Я тоже так считал, так что за ланч принялся с чувством удовлетворения и уверенностью, что всё идёт как надо. Тесси разложила свою еду на чертёжном столе напротив меня, и мы пили кларет из одной бутылки и зажигали сигареты от общего огня. Я был очень привязан к Тесси. На моих глазах из хрупкого, неуклюжего ребёнка она превратилась в прекрасно сложенную, хоть и худощавую женщину. Тесси позировала мне в течение последних трёх лет и была любимицей среди моих моделей. Меня, несомненно, беспокоило бы, стань она, как говорится, «хулиганкой» или «вертихвосткой», но до сих пор в её поведении не было заметно каких-либо изменений к худшему, и в душе я был уверен, что с ней всё будет в порядке.
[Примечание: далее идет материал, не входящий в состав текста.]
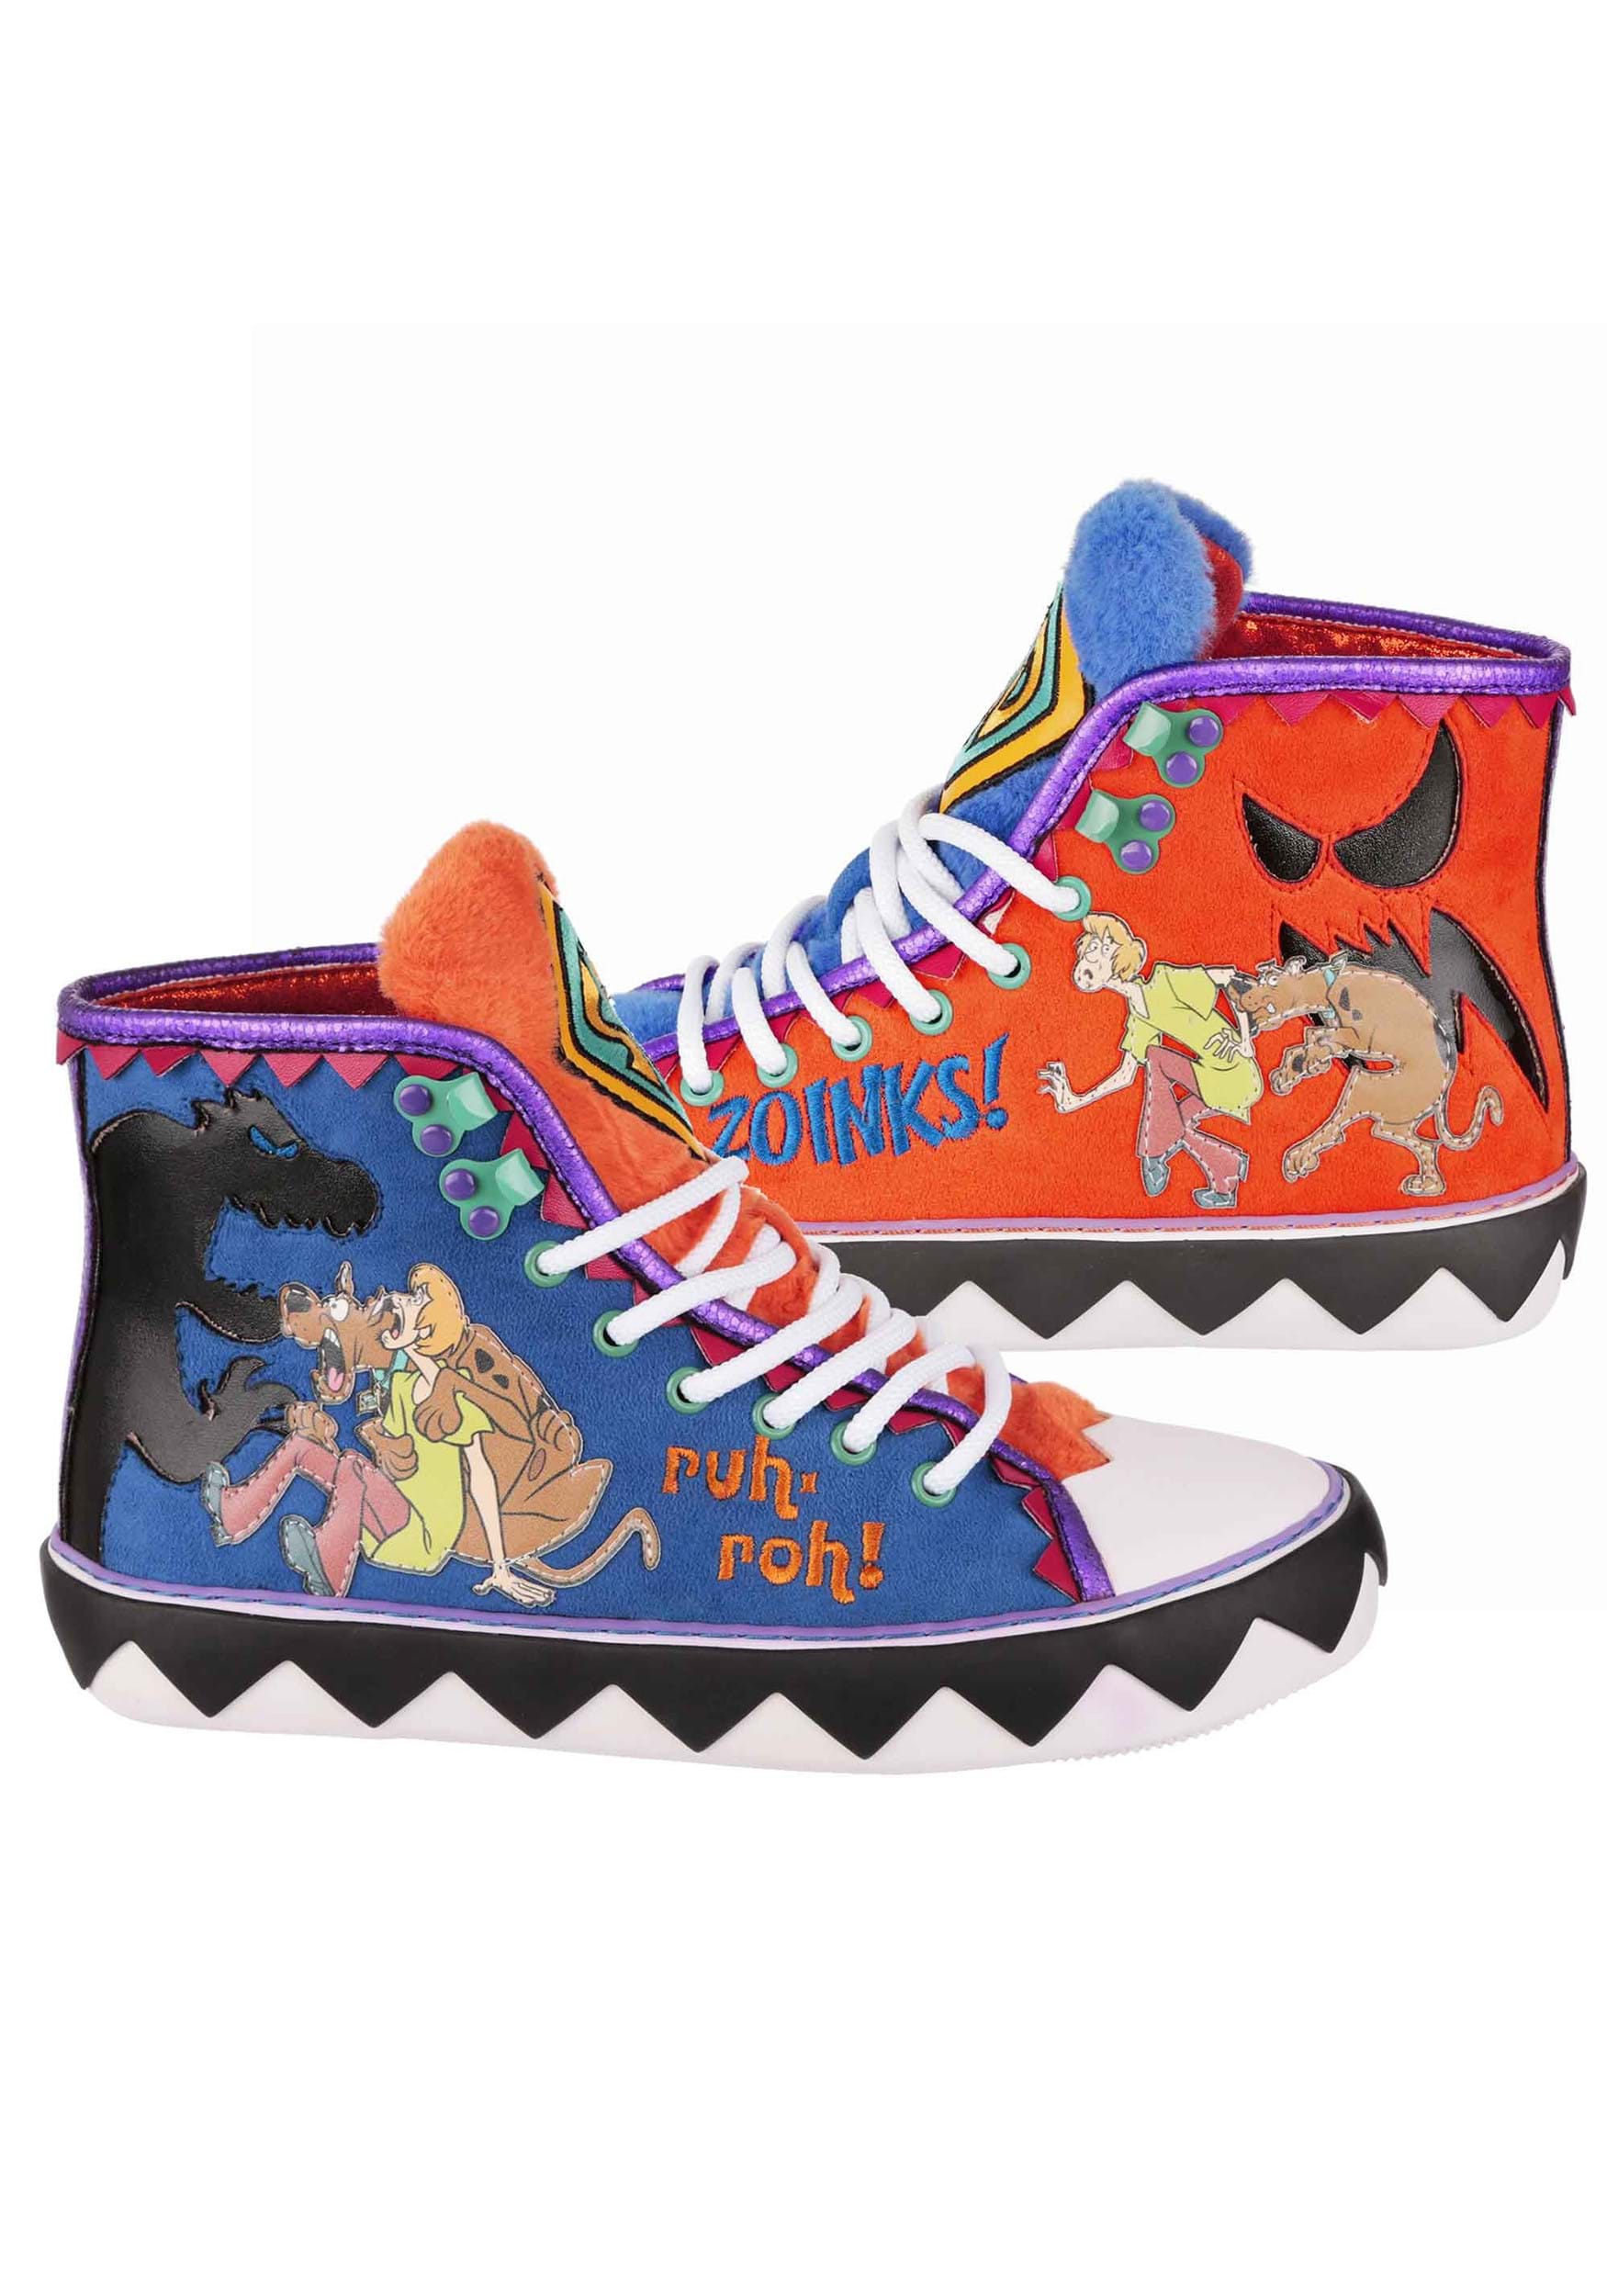 Image of Irregular Choice Scooby Doo Zoinks Sneakers ID IRR4125-41A-13

Я не пытался читать ей нравоучений, ибо, во-первых, мои собственные нравы были не лучшим примером для подражания, во-вторых, я подозревал, что Тесси станет поступать так, как ей вздумается, вопреки моим советам. Оставалось надеяться, что она сумеет не попасть в неприятности. Я искренне желал, чтобы она была счастлива, к тому же у меня было эгоистичное стремление сохранить одну из лучших моих моделей. Я знал, что «ухажор», как она его называла, не был кем-то особенным для девушки вроде Тесси, в Америке это слово значило гораздо меньше, чем в Париже. И всё же, будучи реалистом, я понимал, что однажды кто-нибудь заберёт у меня Тесси, и, хотя считал институт брака полнейшей ерундой, всё-таки надеялся, что в конце её истории будут священник и венчание. Я сам католик. И слушая мессу или крестясь, чувствую, что всё вокруг, включая меня самого, становится немного добрее, а когда исповедуюсь — очищаюсь. Человек, живущий подобно мне, одиноко, должен исповедоваться кому-то. К тому же, Сильвия была католичкой, и мне было достаточно следовать её примеру. Но сейчас речь не о ней, а о Тесси. Она тоже католичка, даже более преданная, чем я. Принимая это во внимание, можно было бы не беспокоиться за мою хорошенькую модель до тех пор, пока она не влюбится по-настоящему. Когда же это случится, не в моих силах, я знал, будет повлиять на её судьбу. Мне оставалось только молиться, чтобы ей не попался мужчина вроде меня, и она встречала бы в своей жизни только людей, подобных Эду Баркеру и Джимми МакКормику, господь благослови её прелестное личико!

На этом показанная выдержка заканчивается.